4.Being aggrieved and dis-satisfied with the impugned Order-in-Appeal, the appellant filed appeals before this Tribunal on the grounds incorporated in the memo of appeal.
5.Learned D/R for the appellant on the date of hearing argued the matter and contended that the impugned order is vague, absurd, illegal, unlawful and is liable to be set aside forthwith. The impugned order is a non speaking order as the learned respondent No.1 has not touched the important and material facts of the case and on this score alone the impugned order is unsatisfactory and not versed in the principles of law. Respondent No.1 has not considered the very fact that in the instant case no one has claimed the goods neither any one appeared to defend the case and as such the respondents were fake claimant of the goods and vehicle at the appellate stage and on this score alone the impugned order is liable to be set aside. The respondent No.1 has misreported and infact the Iranian diesel was recovered from the truck having special/concealed tanks and cavities and respondent No.2 has stated that the diesel was loaded in the oil tankers which is absolutely wrong as the vehicles involved in the instant case is truck and not the oil tanker. It is pertinent to mention here that in the instant case the goods were loaded and carried in special designed cavities and special fitted/concealed tanks in the truck and as such involving of the vehicle in transportation of smuggled goods has been proved without any shadow of doubt and as such outright confiscation of the goods and vehicle is absolutely legal, lawful and in accordance with the relevant provisions of Customs Act, 1969. The respondent No.1 himself admitted the fact that no option is to be given for conveyance exclusively or wholly used for transportation of goods falling under section 2(s) or which have false cavities exclusively used for carriage of smuggled goods, the impugned vehicle is fully covered in clause (b) of paragraph 1 of the S.R.O. 499(I)/2009 dated 13-06-2009, which is reproduced below:--
"1 (b). lawfully registered conveyance including packages and containers found carrying smuggled goods in false cavities or being used exclusively or wholly for transportation of offending goods under clause(s) of Section 2 of the Customs Act, 1969."

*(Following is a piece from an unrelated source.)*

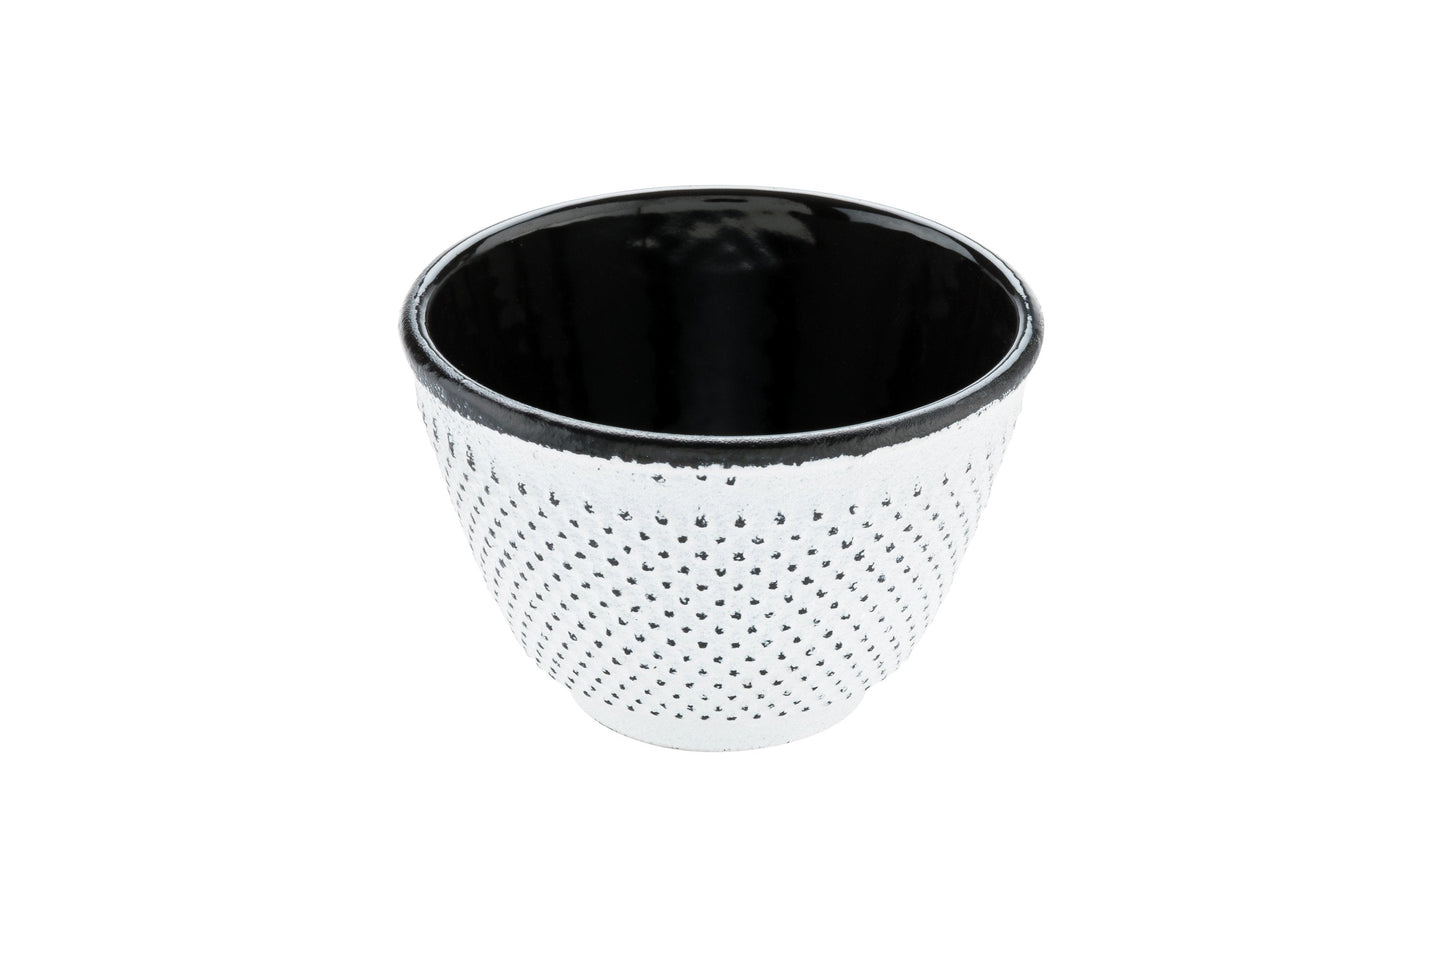 Tetsubin 4 oz White Cast Iron Tea Cup - Hobnail - 3" x 3" x 3 1/4" - 2 count box
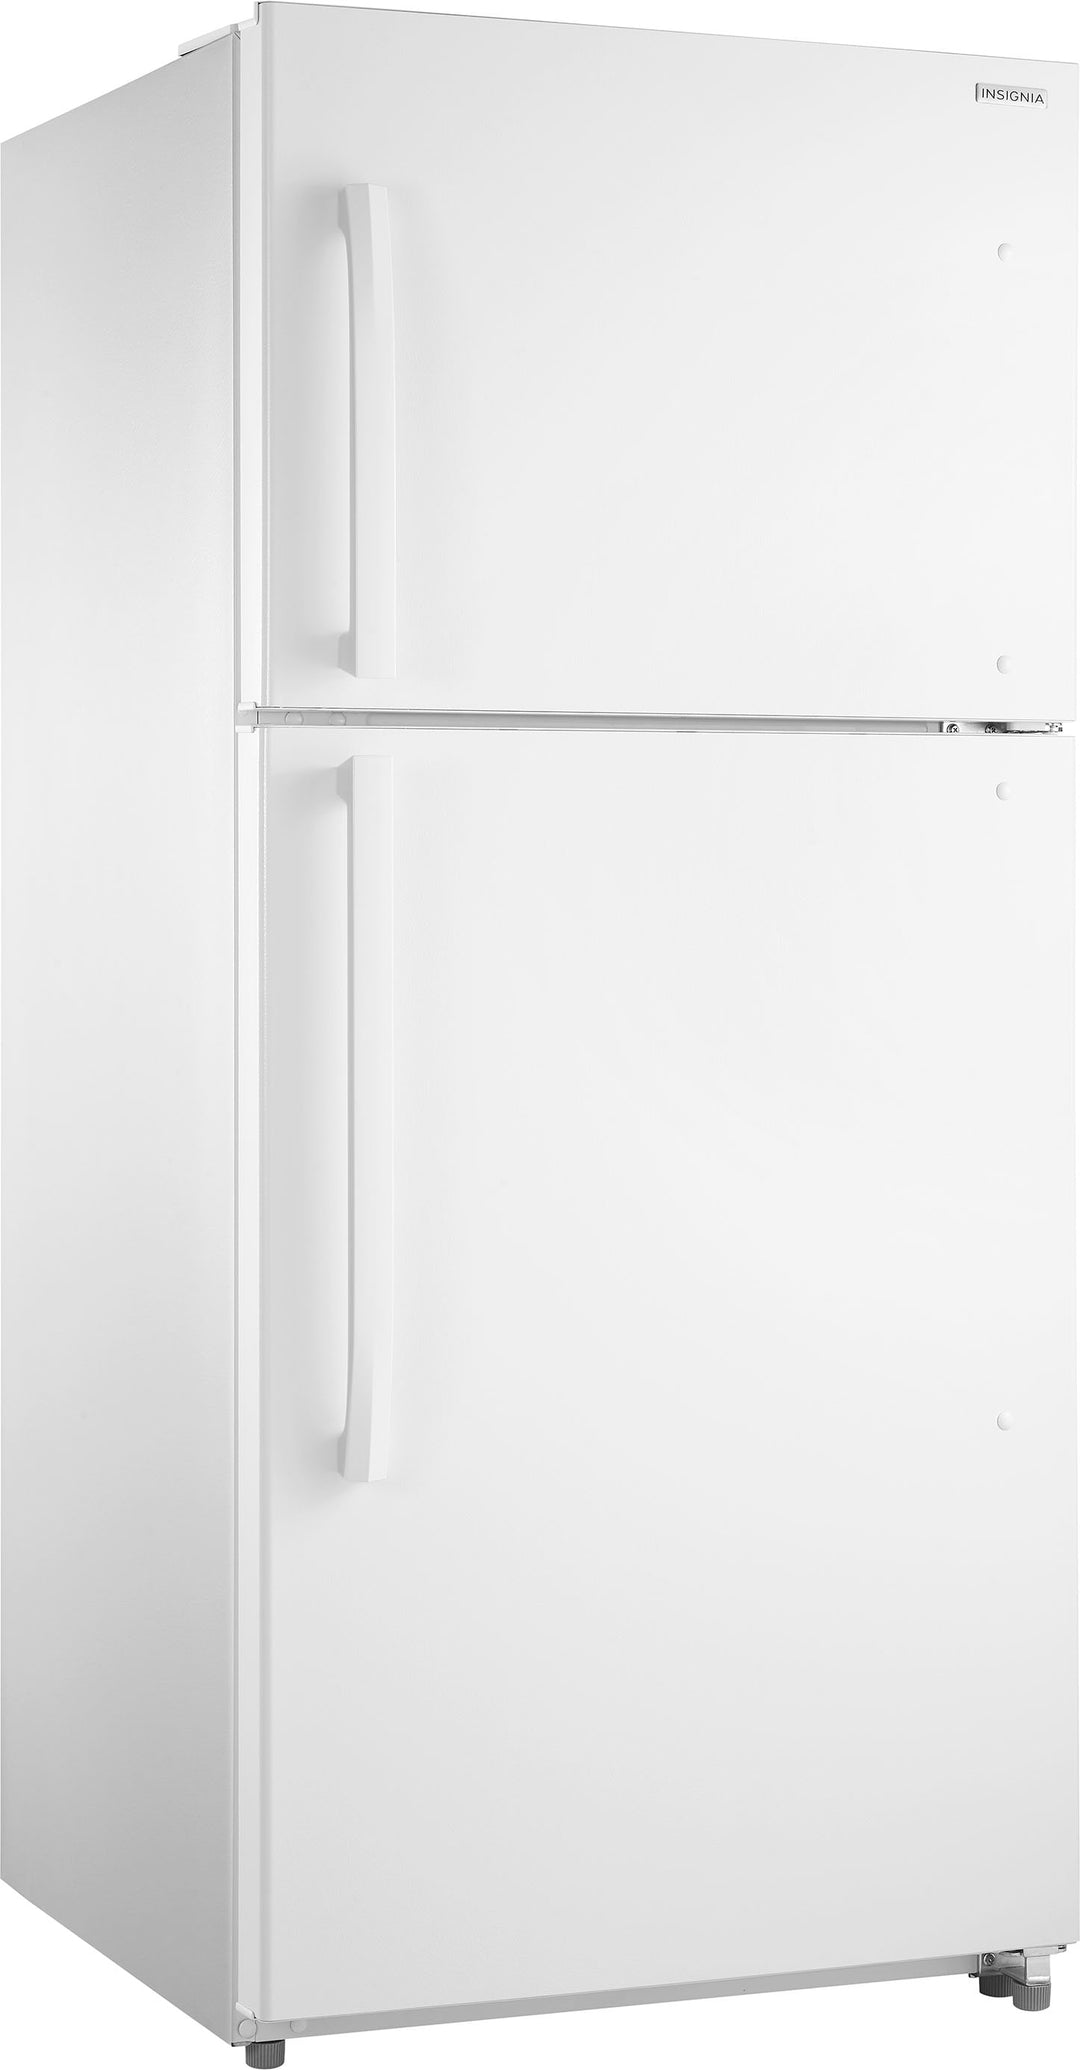 Insignia™ - 18 Cu. Ft. Top-Freezer Refrigerator - White_1

6.He further contended that in fact the smuggled goods were transporting through truck and not the oil tanker. The same has special cavities and as such the instant case is not covered under the ambit of those cases in which the vehicle has found with common cavities. That by allowing the release of vehicles having special designed cavities on redemption fine will open a Pandora box and will encourage the smugglers under the grab of these type of findings which will cause the damages of revenue to the government exchequers and so also will badly damage the business of legal importers of the goods. The vehicles involved in the transportation of smuggled goods are liable to be confiscated outrightly without giving any option whatsoever and prayed that impugned order be set aside to the extent of redemption fine only by declaring that the order of outright confiscation is legal, lawful and is sustainable.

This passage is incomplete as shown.